Off-Balance Sheet Arrangements

        Off-balance sheet arrangements include any transactions, agreements or other contractual arrangements to which an unconsolidated entity is a party and under which the Company has: (i) any obligation under a guarantee contract having specific characteristics as defined in Financial Accounting Standards Board (“FASB”) Interpretation No. 45, “Guarantor’s Accounting and Disclosure Requirements for Guarantees, Including Indirect Guarantees of Indebtedness of Others”; (ii) a retained or contingent interest in assets transferred to an unconsolidated entity or similar arrangement that serves as credit, liquidity or market risk support to such entity for such assets; (iii) any obligation, including a contingent obligation, under a contract that would be accounted for as a derivative instrument but is indexed to the Company’s own stock and is classified in stockholder’s equity in the Company’s balance sheet; or (iv) any obligation, including a contingent obligation, arising out of a variable interest as defined in FASB Interpretation No. 46, “Consolidation of Variable Interest Entities, an interpretation of Accounting Research Bulletin No. 51,” in an unconsolidated entity that is held by, and material to, the Company, where such entity provides financing, liquidity, market risk or credit risk support to, or engages in leasing, hedging or research and development services with, the Company. There have been no significant changes in the Company’s off-balance sheet arrangements reported in the Company’s Form 10-K for the year ended December 31, 2004.

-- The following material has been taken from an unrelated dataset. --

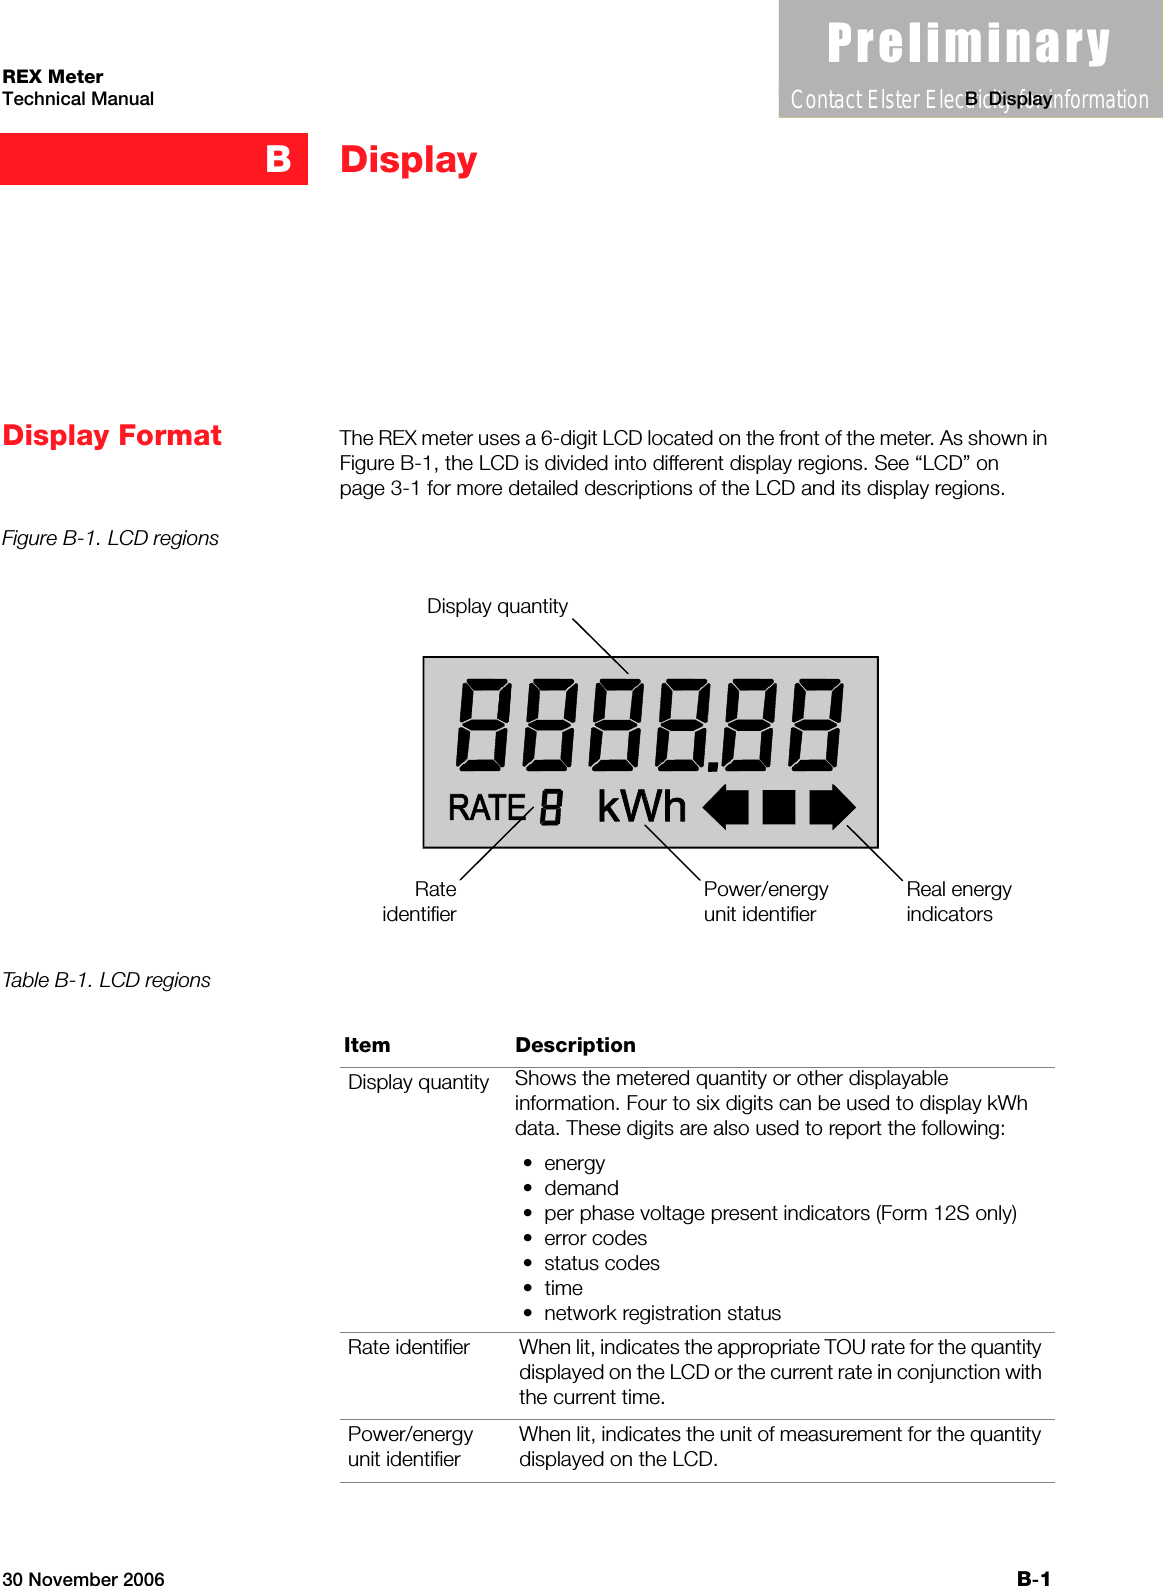 3UHOLPLQDU\Contact Elster Electricity for information30 November 2006 B-1REX MeterTechnical Manual B  DisplayBDisplayDisplay Format The REX meter uses a 6-digit LCD located on the front of the meter. As shown in Figure B-1, the LCD is divided into different display regions. See “LCD” on page 3-1 for more detailed descriptions of the LCD and its display regions.Figure B-1. LCD regionsTable B-1. LCD regionsDisplay quantityReal energyindicatorsPower/energyunit identifierRateidentifierItem DescriptionDisplay quantity Shows the metered quantity or other displayable information. Four to six digits can be used to display kWh data. These digits are also used to report the following:•  energy•  demand•  per phase voltage present indicators (Form 12S only)•  error codes•  status codes•  time•  network registration statusRate identifier When lit, indicates the appropriate TOU rate for the quantity displayed on the LCD or the current rate in conjunction with the current time.Power/energy unit identifierWhen lit, indicates the unit of measurement for the quantity displayed on the LCD.Technical ManualREX Meter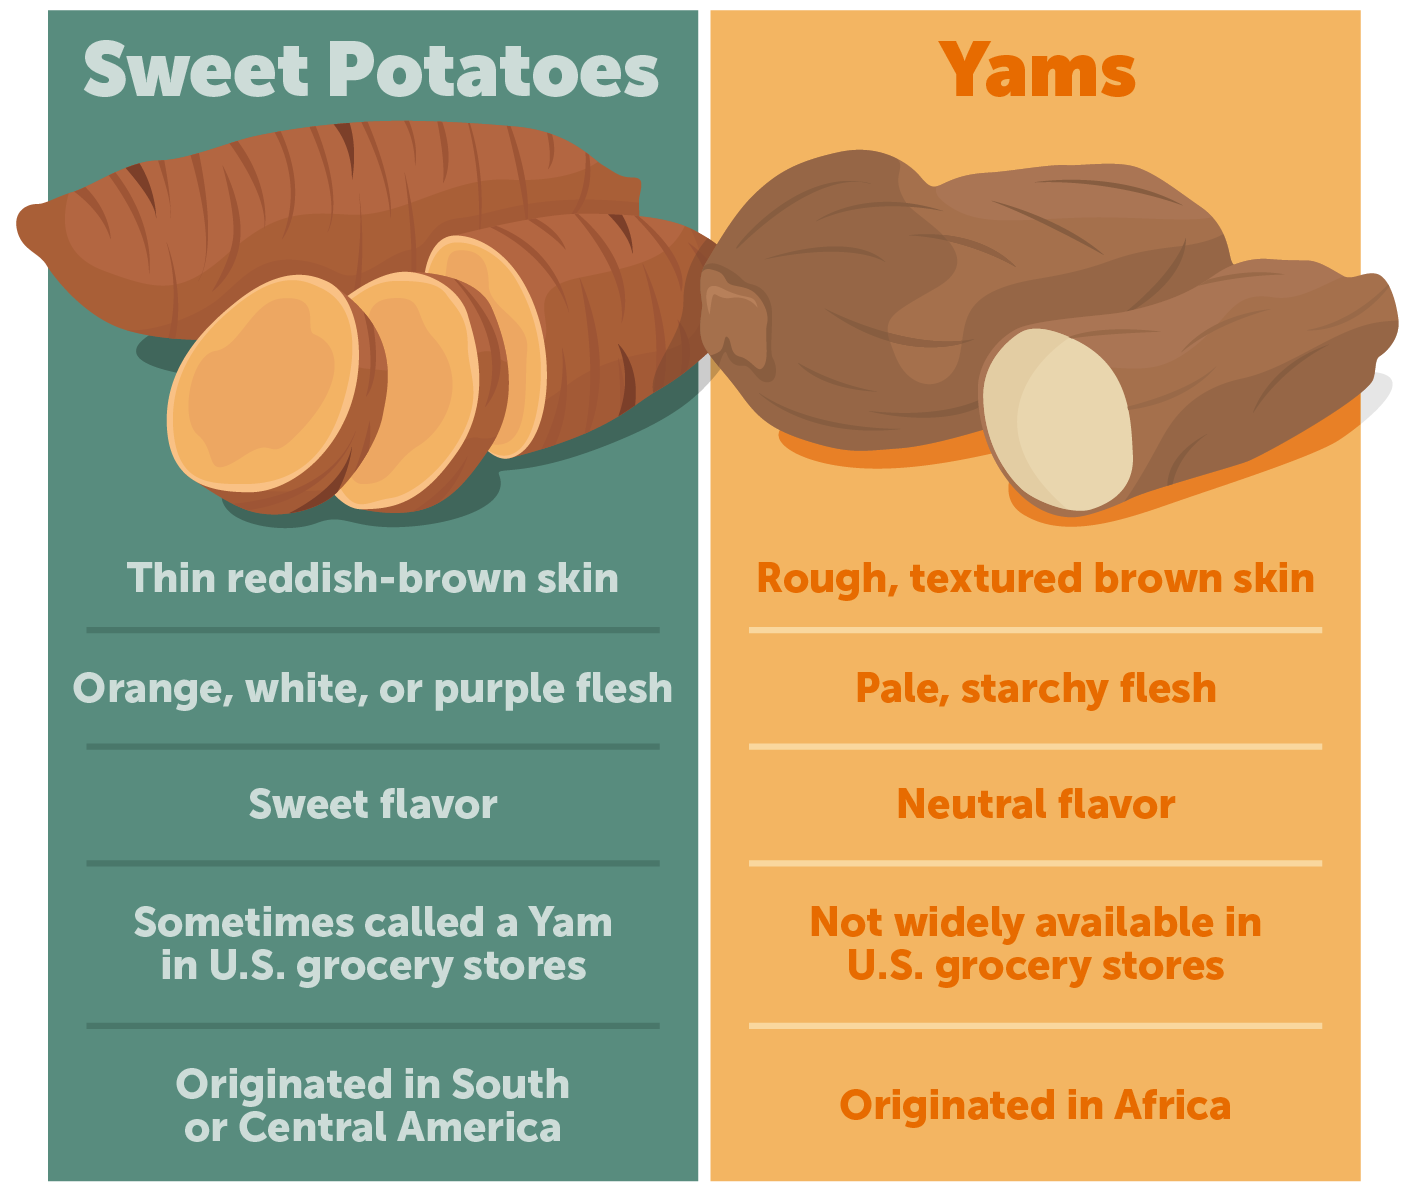 Sweet Potato Vs Yam Are They The Same Thing,Vinegar Based Bbq Sauce Recipe For Pulled Pork

Liquidity and Capital Requirements

        The Company’s primary needs for capital are related to replacing or expanding existing facilities in its electric utility business. Other working capital requirements are primarily related to maturing debt, operating lease obligations, hedging activities and delays in recovering unconditional fuel purchase obligations. The Company generally meets its cash needs through a combination of internally generated funds, short-term borrowings from Energy Corp. (through a combination of bank borrowings and commercial paper) and permanent financings.

32

Interest Rate Swap Agreement

Fair Value Hedge

        At March 31, 2005 and December 31, 2004, the Company had one outstanding interest rate swap agreement that qualified as a fair value hedge effective March 30, 2001, to convert $110.0 million of 7.30 percent fixed rate debt due October 15, 2025, to a variable rate based on the three month London InterBank Offering Rate. The objective of this interest rate swap was to achieve a lower cost of debt and to raise the percentage of total corporate long-term floating rate debt to reflect a level more in line with industry standards. This interest rate swap qualified as a fair value hedge under SFAS No. 133, “Accounting for Derivative Instruments and Hedging Activities,” as amended, and met all of the requirements for a determination that there was no ineffective portion as allowed by the shortcut method under SFAS No. 133.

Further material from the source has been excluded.